Во время одного из закрытых заседаний Президиума ВСНХ был поднят вопрос об упорядочении хозяйства в совхозах в смысле снабжения их надлежащим количеством сельскохозяйственных машин и удобрительными туками. На основании данных, сообщенных Семеном Пафнутьевичем Середой, тогдашним народным комиссаром земледелия, было констатировано, что хозяйство в совхозах ведется крайне неумело и самым бесхозяйственным образом.
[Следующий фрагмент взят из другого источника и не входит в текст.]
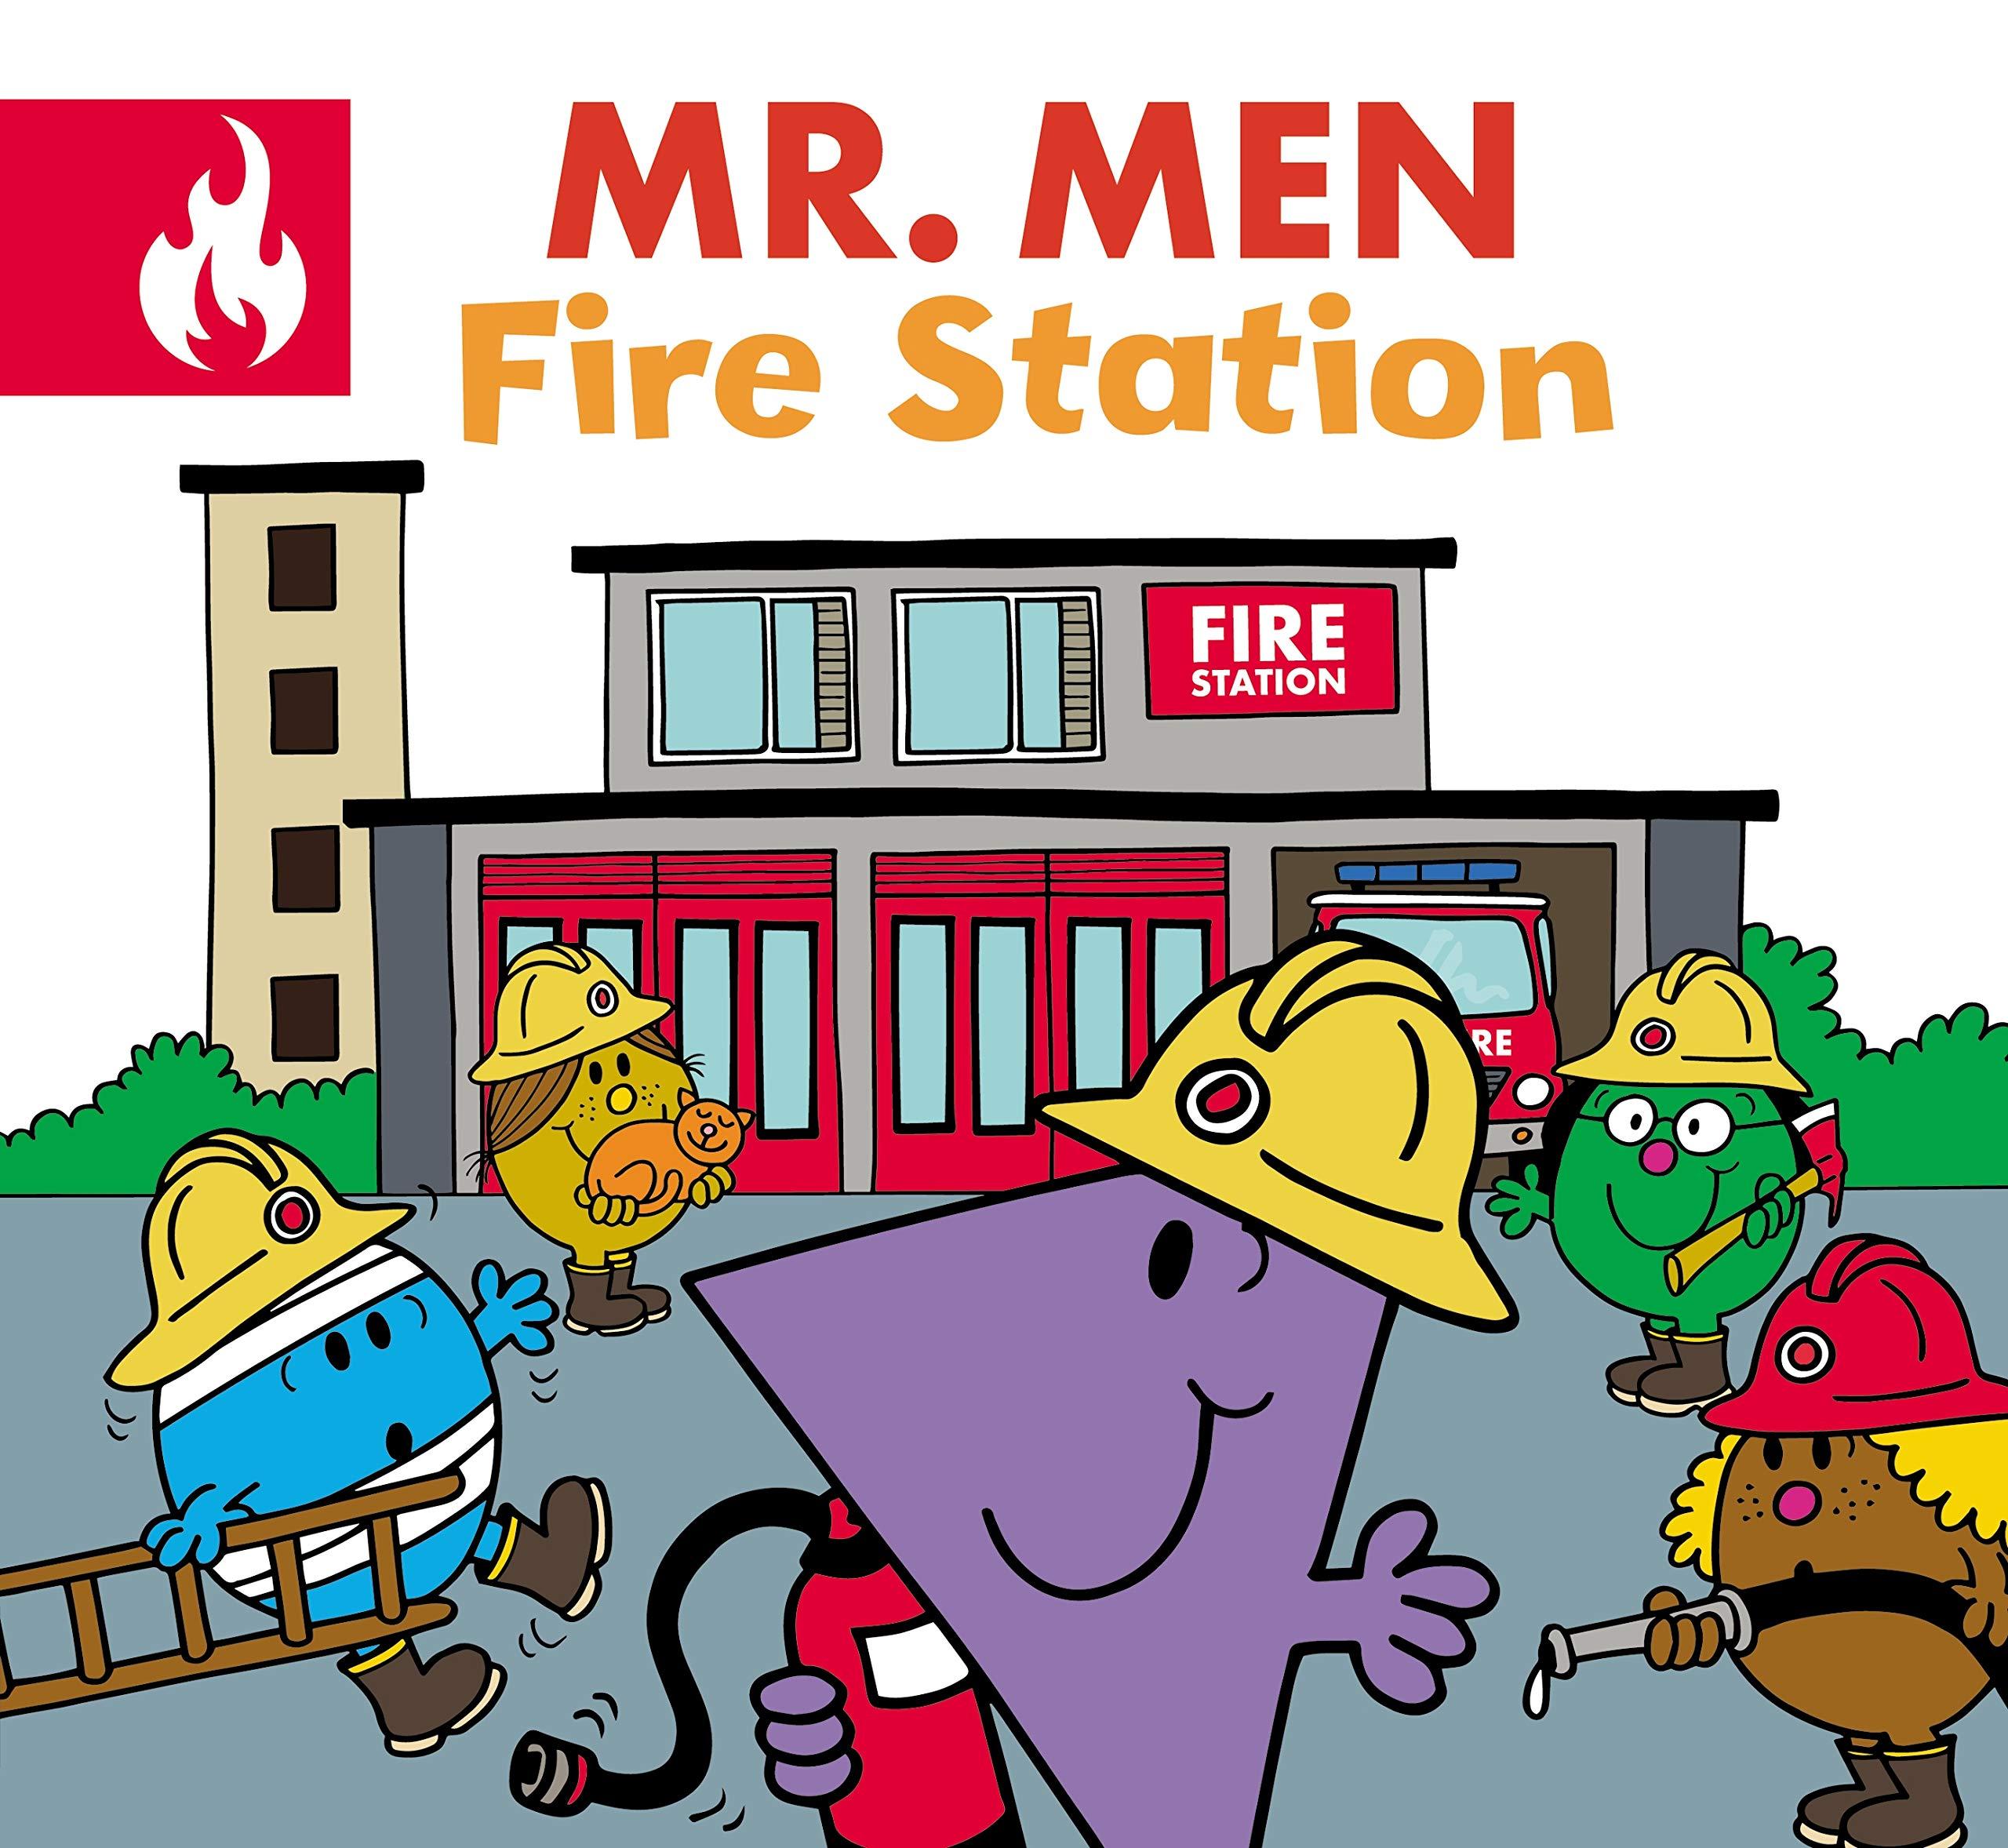 Mr. Men Fire Station

Во время обсуждения я попросил слова и высказал довольно смелые предложения, как поправить дело: плохое хозяйство в совхозах, как мне удалось наблюдать в Калужской губернии, где находился мой хутор, обусловливалось, главным образом, тем, что назначенные советской властью управители совхозами не имели ни малейшего представления о сельском хозяйстве и потому не пользовались никаким авторитетом. Я предложил использовать для правильной постановки дела в совхозах бывших управляющих большими имениями и частью хороших хозяйственников-помещиков, назначив для контроля за их действиями особых партийцев, подобно тому, как это практиковалось в Красной Армии, где на службе было много офицеров царской армии, к которым были приставлены политруки, ведавшие политической жизнью в военных частях. С. П. Середа первый подверг критике мое смелое предложение. Политическая обстановка в деревне была в то время такова, что впускать туда старую интеллигенцию, конечно, было совершенно не по пути советской власти. Конечно, мое предложение не было принято и, по счастью для меня, не было занесено в протокол заседания и дальше стен Президиума не пошло.
ГЛАВА ТРЕТЬЯ
МОЯ ЗАПИСКА О РАЗВИТИИ ПРОМЫШЛЕННОСТИ
Самым большим делом в моей первоначальной деятельности в Президиуме ВСНХ была подача Богданову особой докладной записки о дальнейшем развитии промышленности. Как было сказано мною выше, доклады о состоянии советской промышленности на последнем С’езде Советов Н. X. раскрыли ужасную картину. Возникал вопрос, что надо предпринять, чтобы восстановить деятельность заводов и ввести в них усовершенствования, установленные на западе. Так как золотой запас был совершенно недостаточен, чтобы мы могли тратить его на покупку нужных машин заграницей, где мы потеряли всякий кредит, то надо было стараться вовлечь в дело восстановления советской промышленности иностранный капитал. Я считал, что легче всего мы сможем это сделать при участии бывших иностранных владельцев, которым перед революцией принадлежало громадное число заводов и фабрик в разных частях Империи. Так как, вследствие отмены права собственности в СССР, бывшим иностранным владельцам их прежние заводы никоим образом не могли быть возвращены в собственность, то надо было искать других путей для привлечения их к налаживанию промышленности во вновь создавшихся условиях. Задача была очень трудная и опасная, так как решение, наиболее рациональное при создавшейся обстановке, хотя оно и имело своей целью исключительно пользу для страны, могло очень печально кончиться для составителя подобного проекта.